▶ _YOUR ASSIGNMENT_: What you return must match the listing below character for character, minus any pictures.

▶ _INFORMATION SUPPLIED_:
>>>

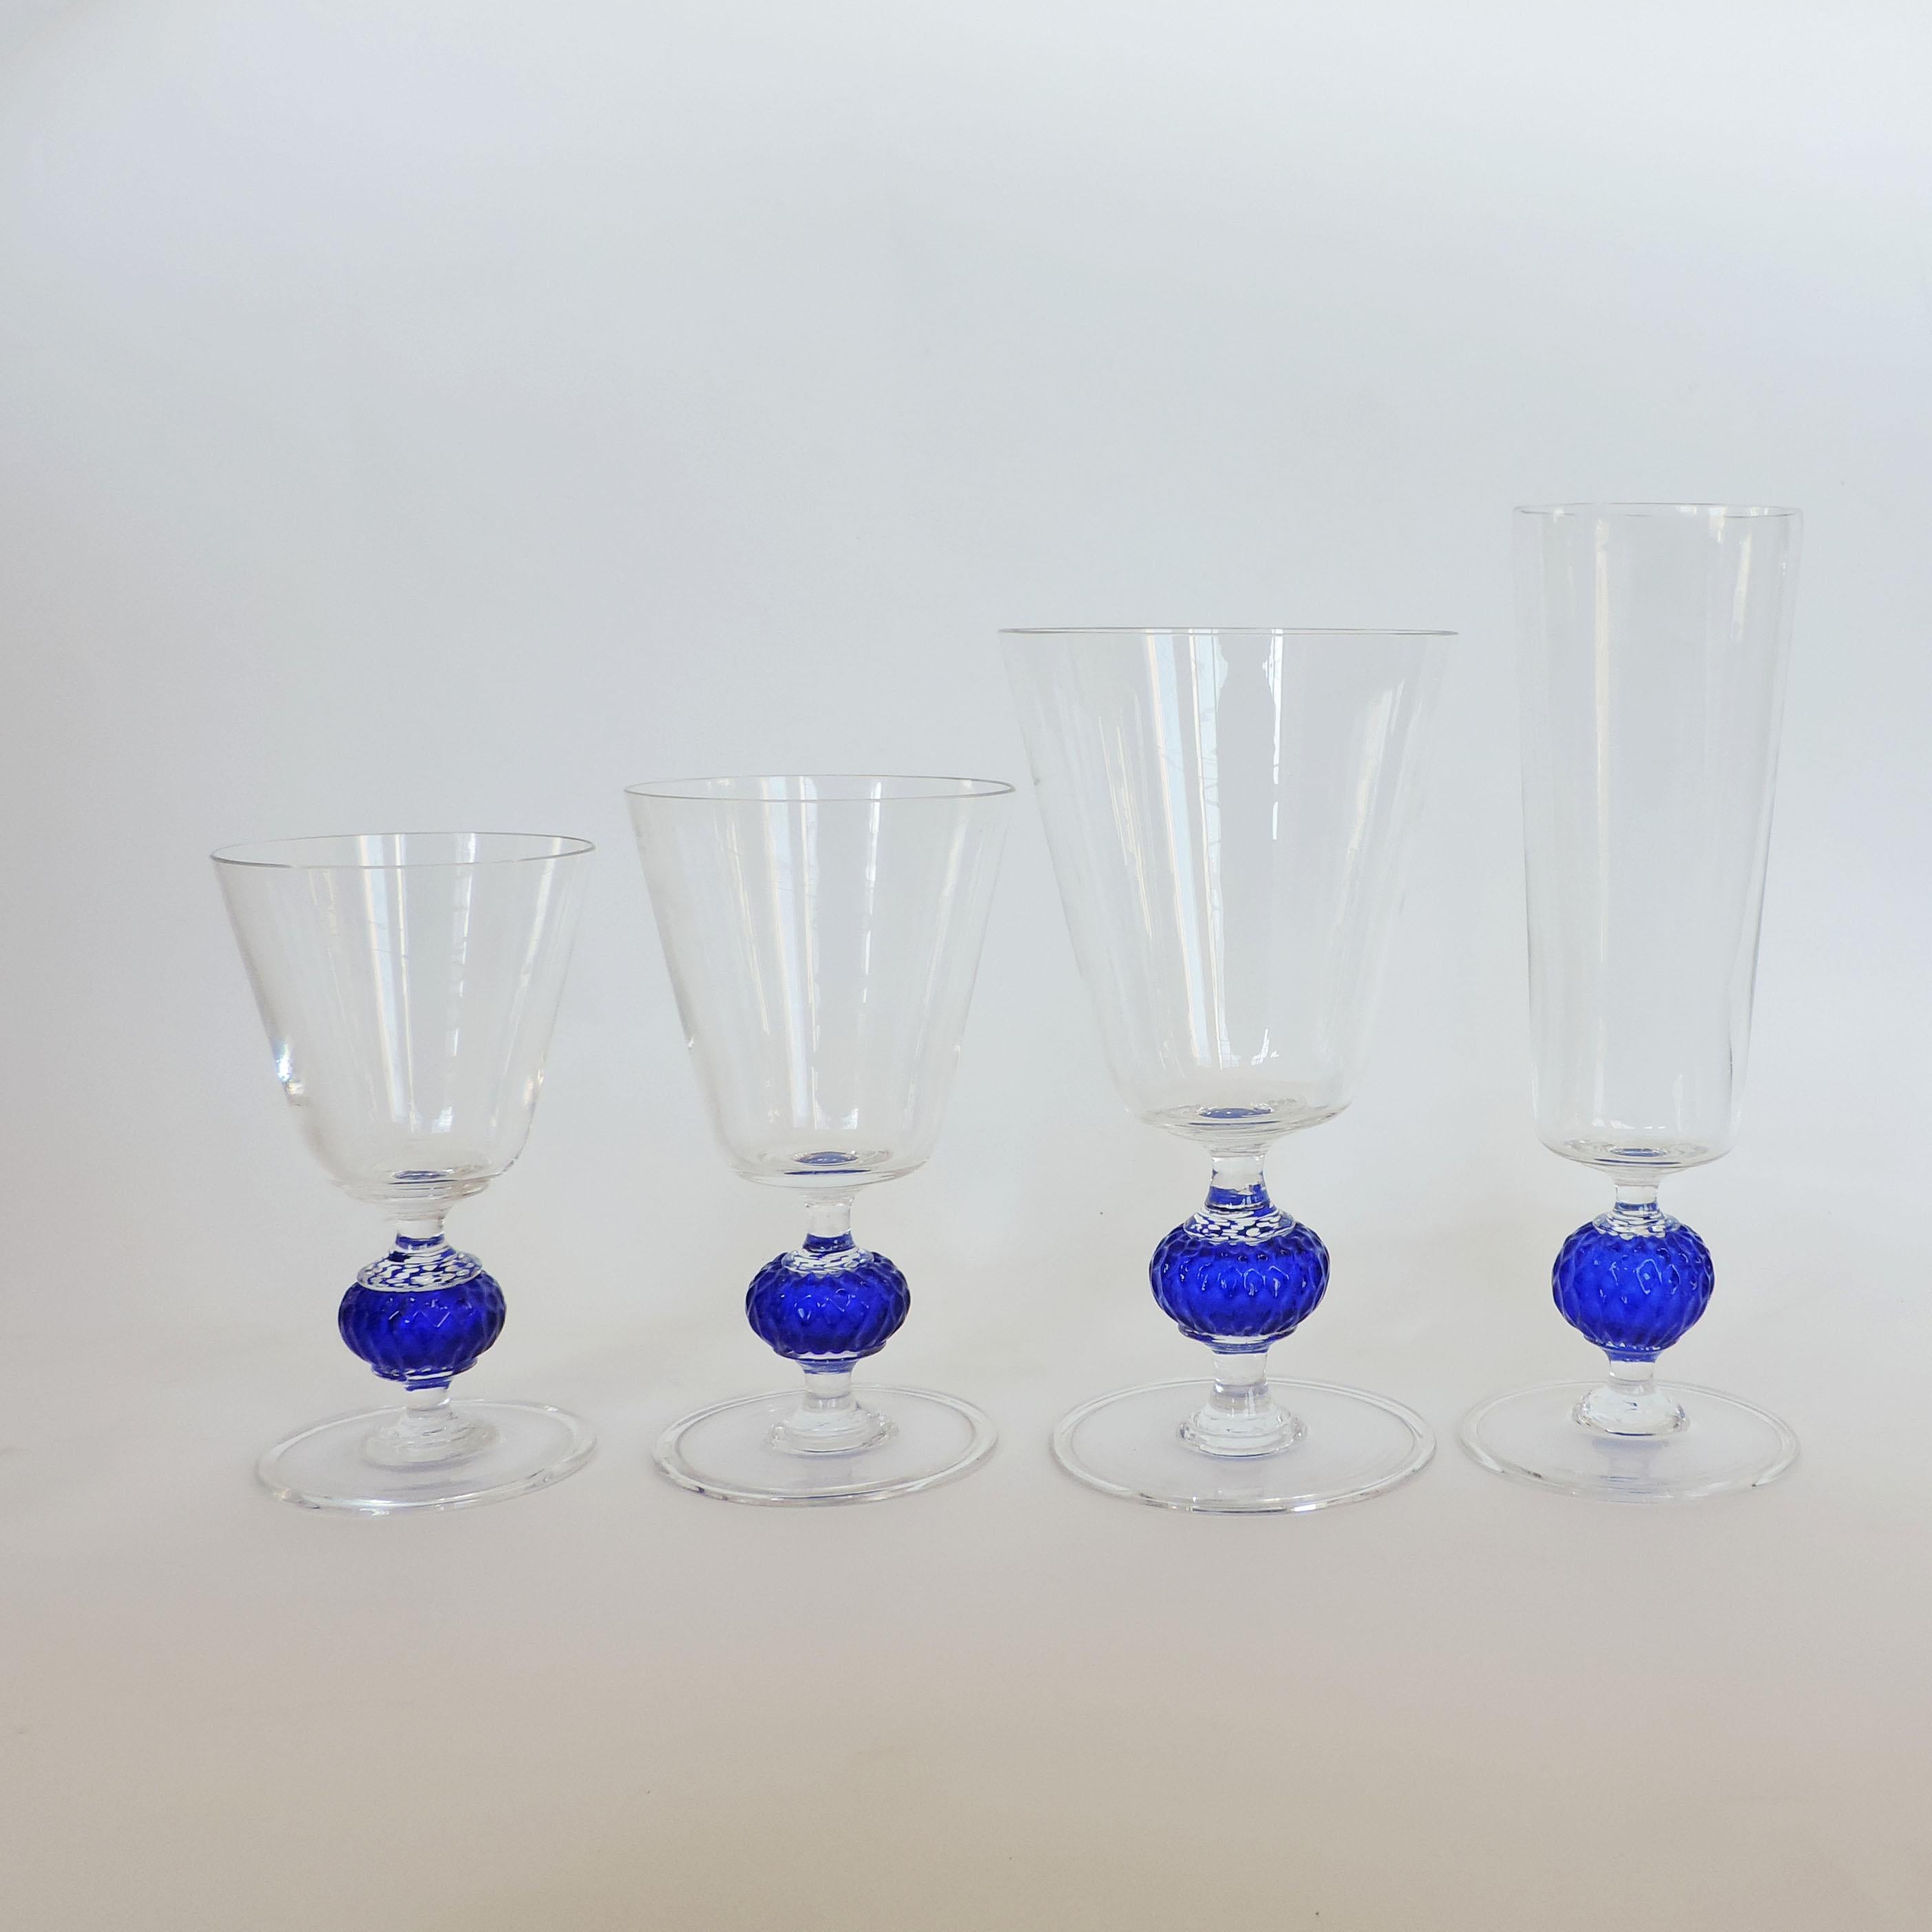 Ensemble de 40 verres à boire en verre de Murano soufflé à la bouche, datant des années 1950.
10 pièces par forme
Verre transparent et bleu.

<<<

▶ _ANSWER SPACE_:
 Ensemble de 40 verres à boire en verre de Murano soufflé à la bouche, datant des années 1950.
10 pièces par forme
Verre transparent et bleu.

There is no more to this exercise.